What you are asked to do: Provide an exact copy of the data, excluding the images.

Information supplied:
◇ ◇ ◇ ◇ ◇ ◇ ◇

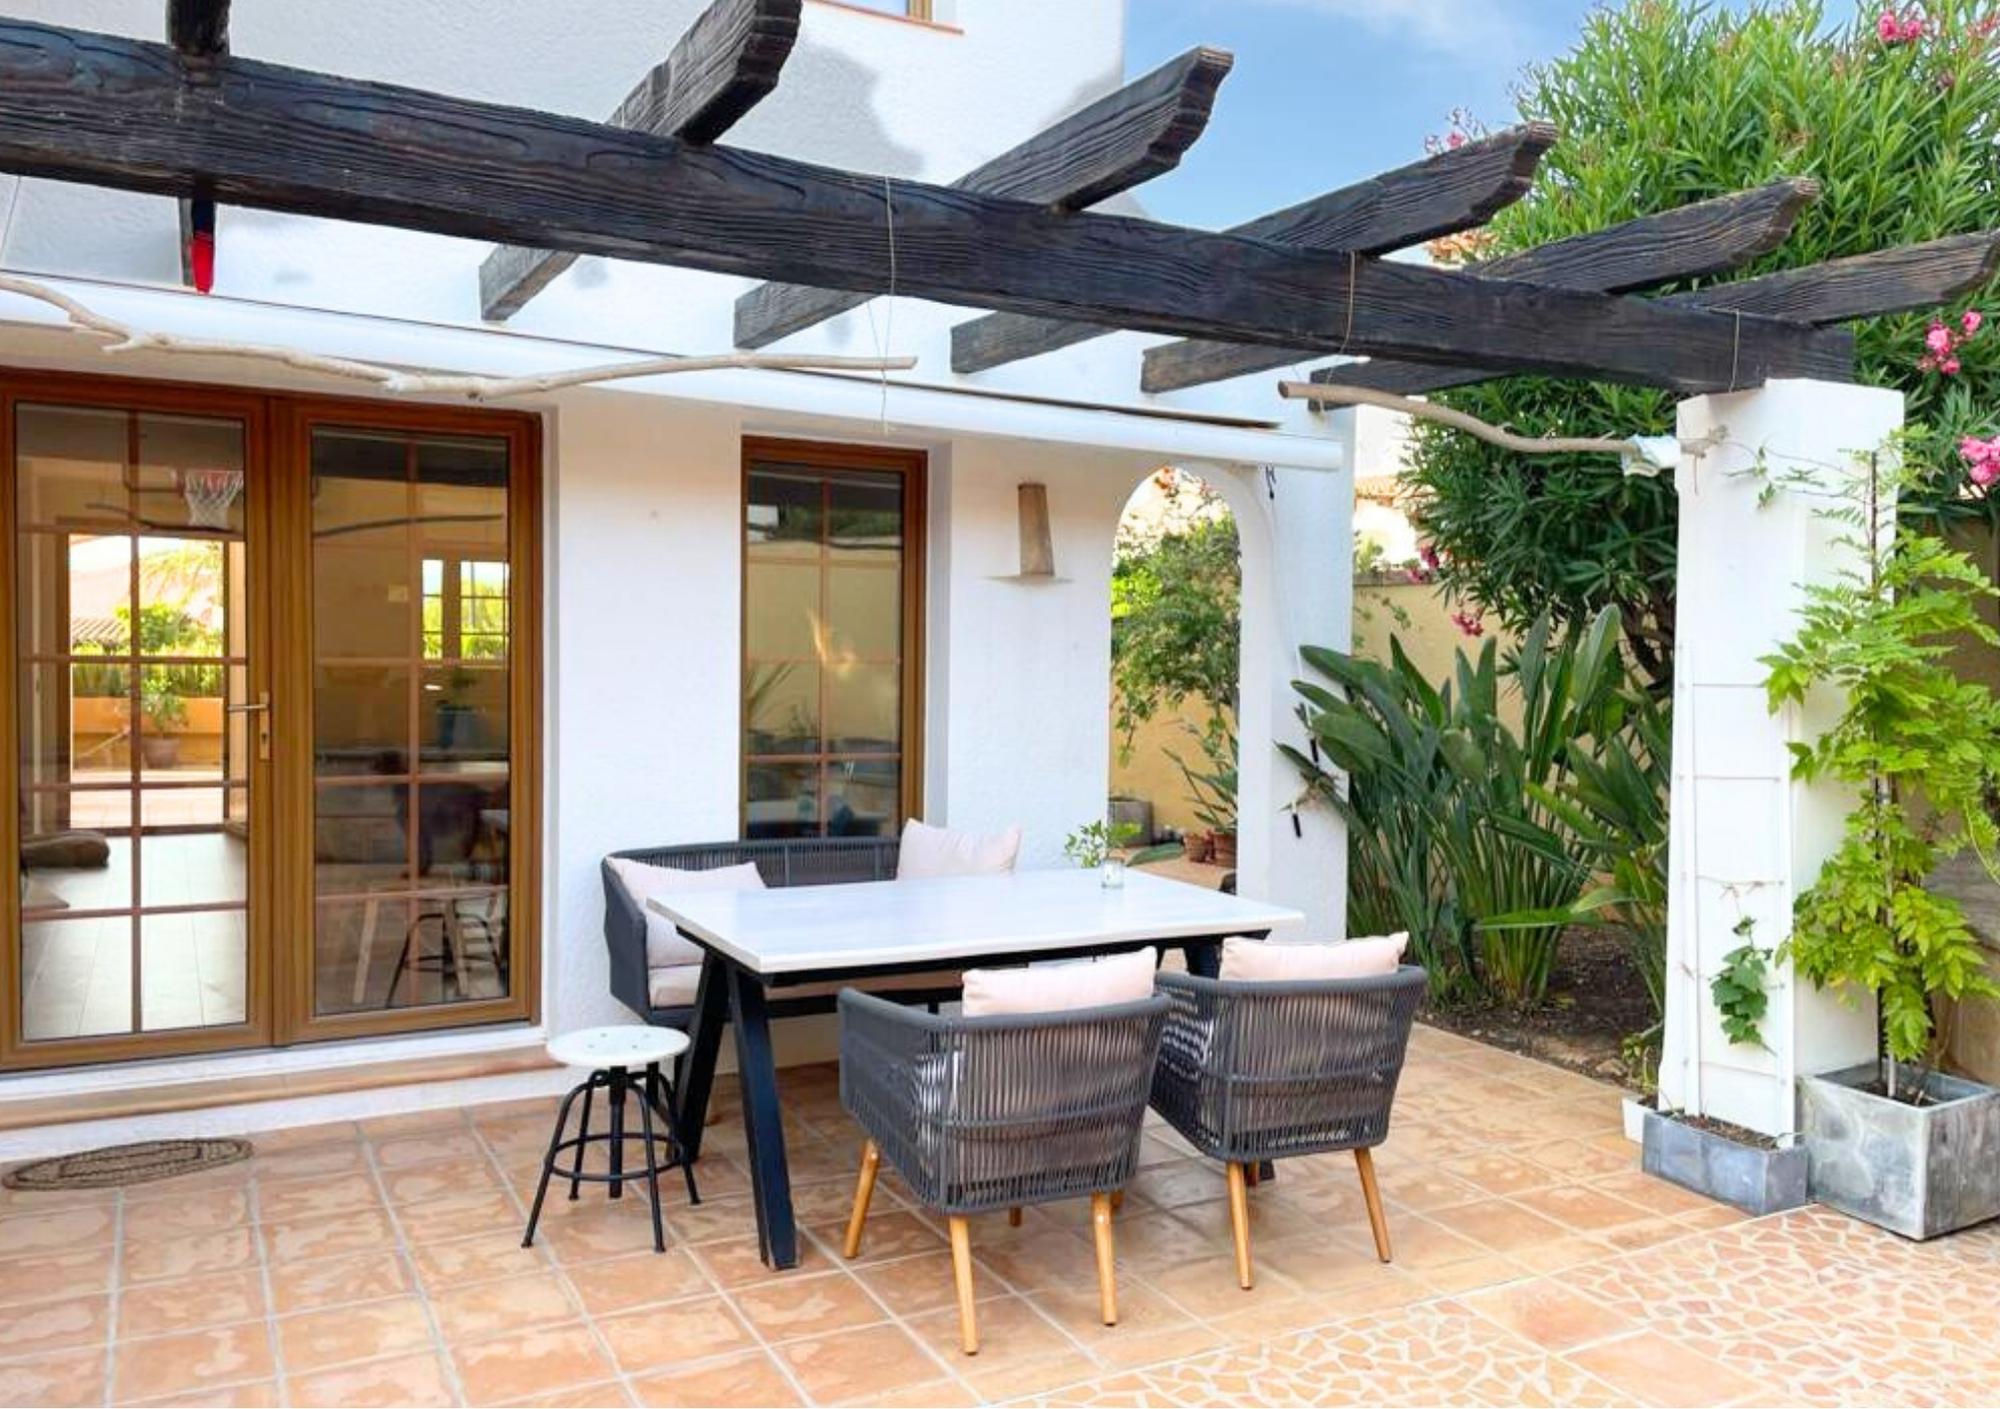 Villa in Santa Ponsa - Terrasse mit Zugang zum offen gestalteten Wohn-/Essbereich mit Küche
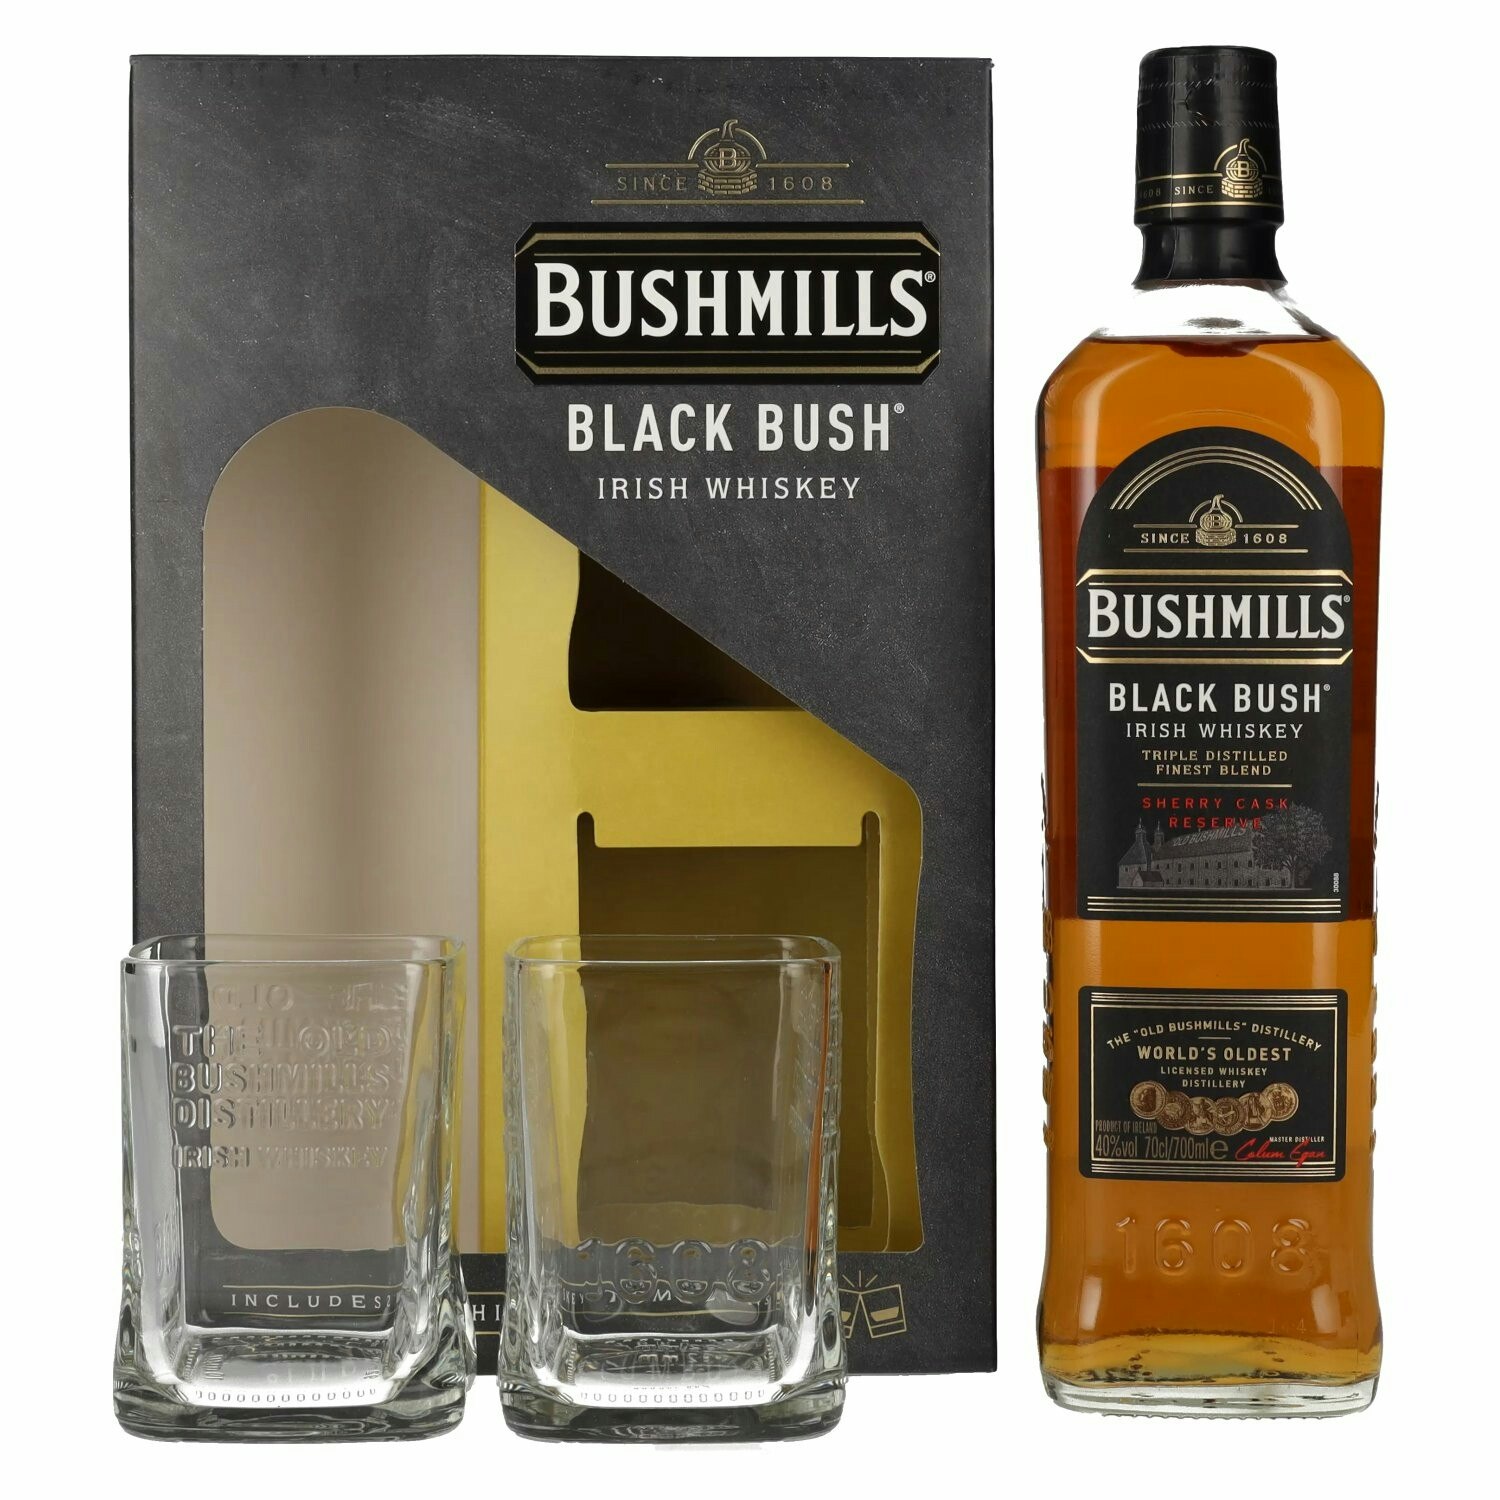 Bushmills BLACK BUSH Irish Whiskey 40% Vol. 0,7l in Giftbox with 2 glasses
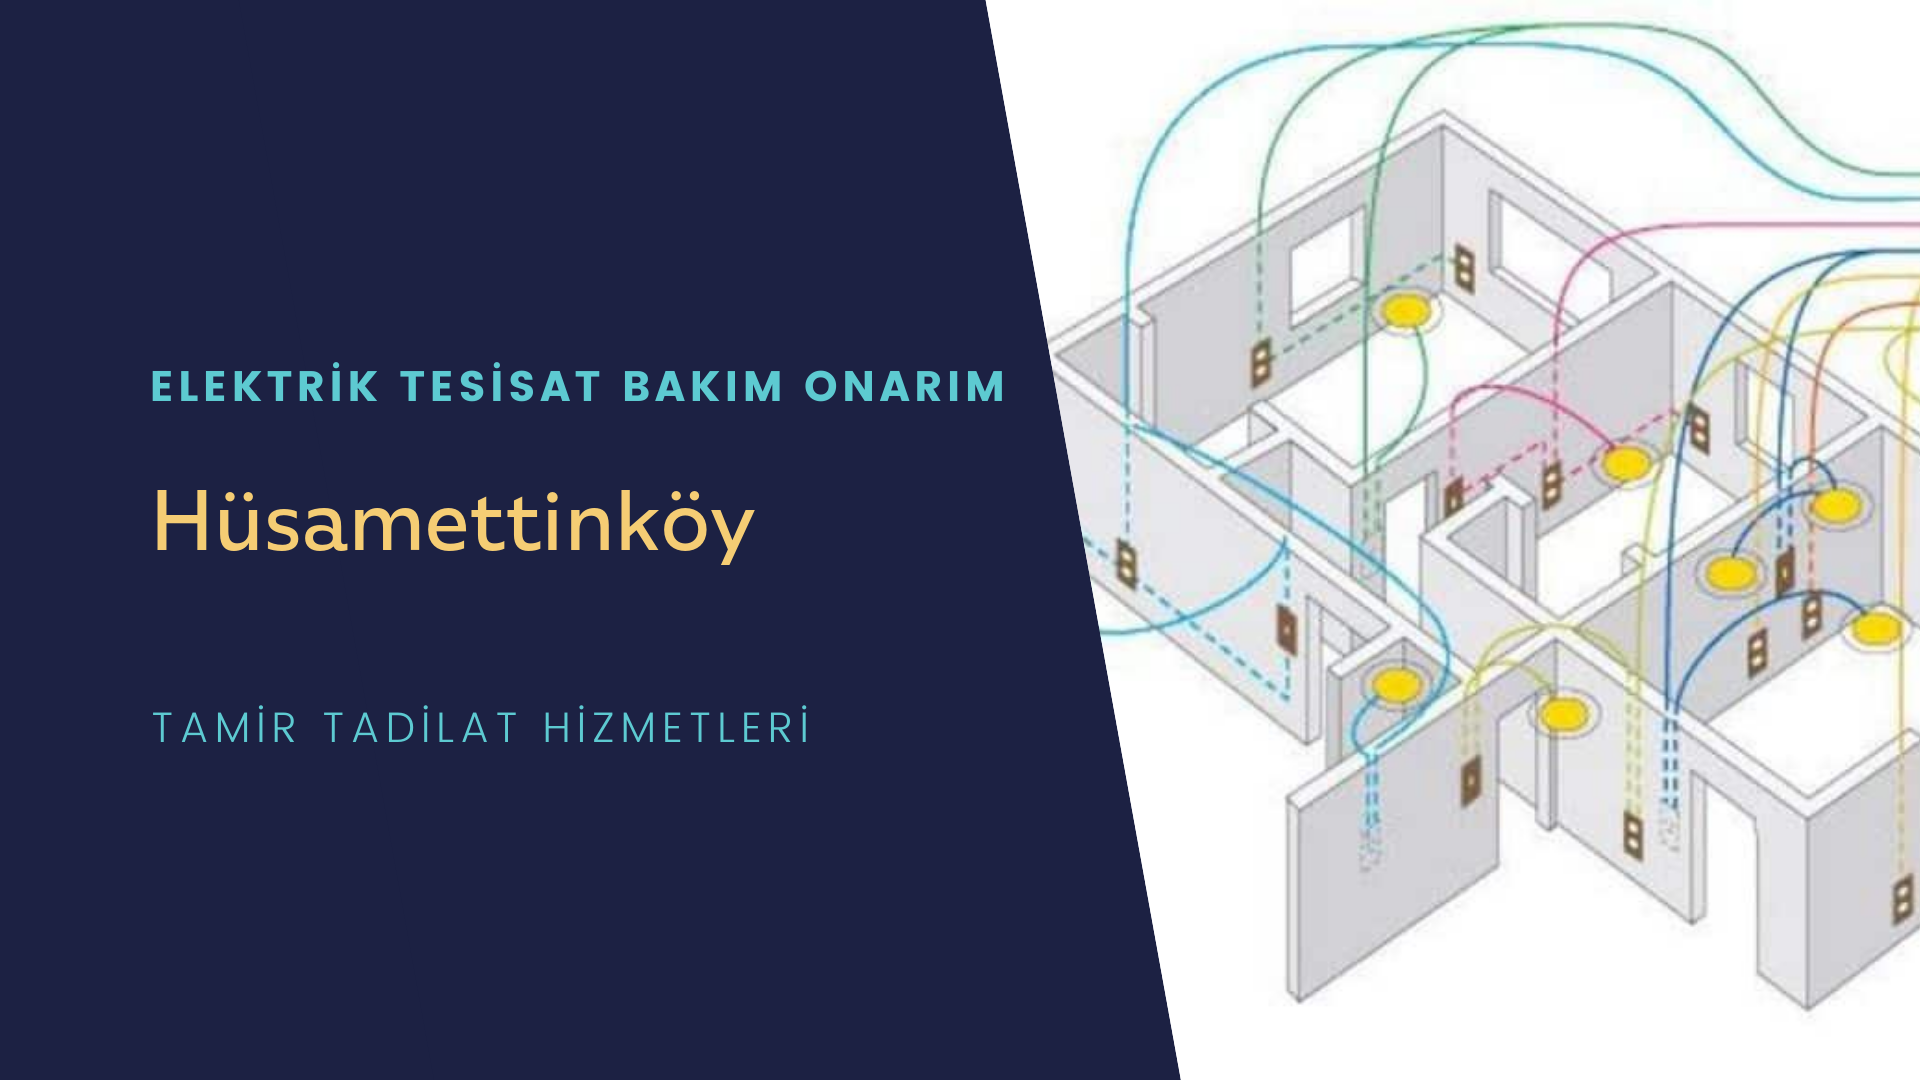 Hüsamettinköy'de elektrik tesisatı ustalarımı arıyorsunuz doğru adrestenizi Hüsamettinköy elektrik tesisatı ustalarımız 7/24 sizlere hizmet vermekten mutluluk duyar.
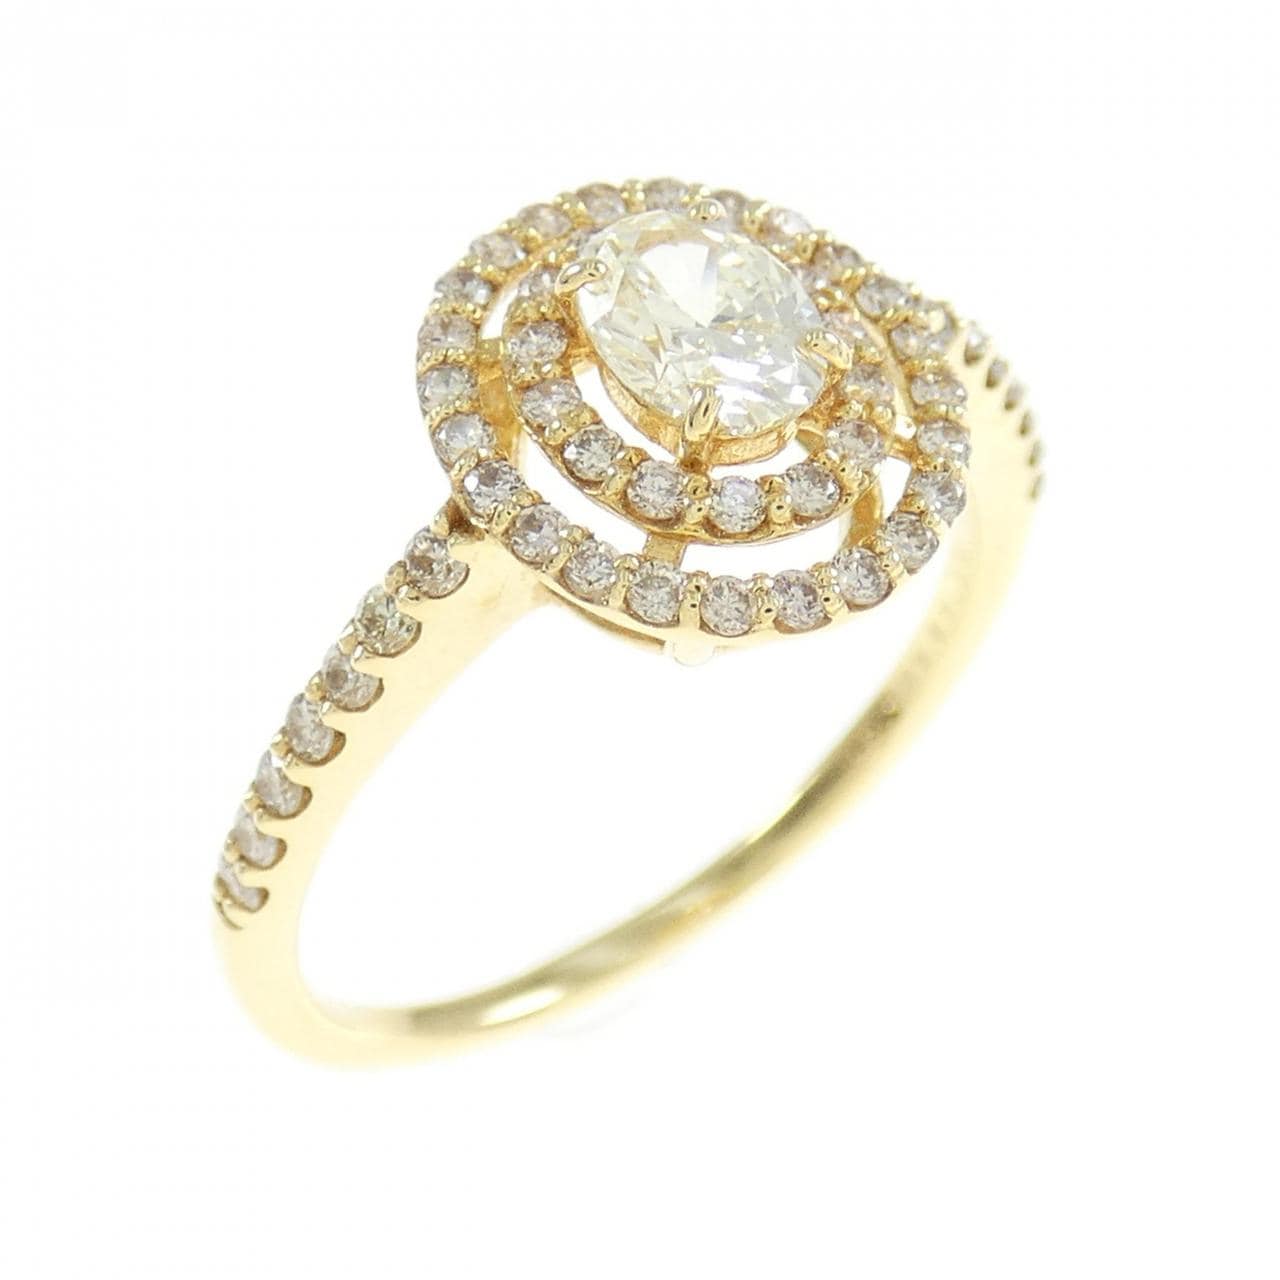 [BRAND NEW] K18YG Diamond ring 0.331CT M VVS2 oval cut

◇ ◇ ◇ ◇ ◇ ◇ ◇

Exercise output:
 Villa in Santa Ponsa - Terrasse mit Zugang zum offen gestalteten Wohn-/Essbereich mit Küche
 Bushmills BLACK BUSH Irish Whiskey 40% Vol. 0,7l in Giftbox with 2 glasses
 Hüsamettinköy'de elektrik tesisatı ustalarımı arıyorsunuz doğru adrestenizi Hüsamettinköy elektrik tesisatı ustalarımız 7/24 sizlere hizmet vermekten mutluluk duyar.
 [BRAND NEW] K18YG Diamond ring 0.331CT M VVS2 oval cut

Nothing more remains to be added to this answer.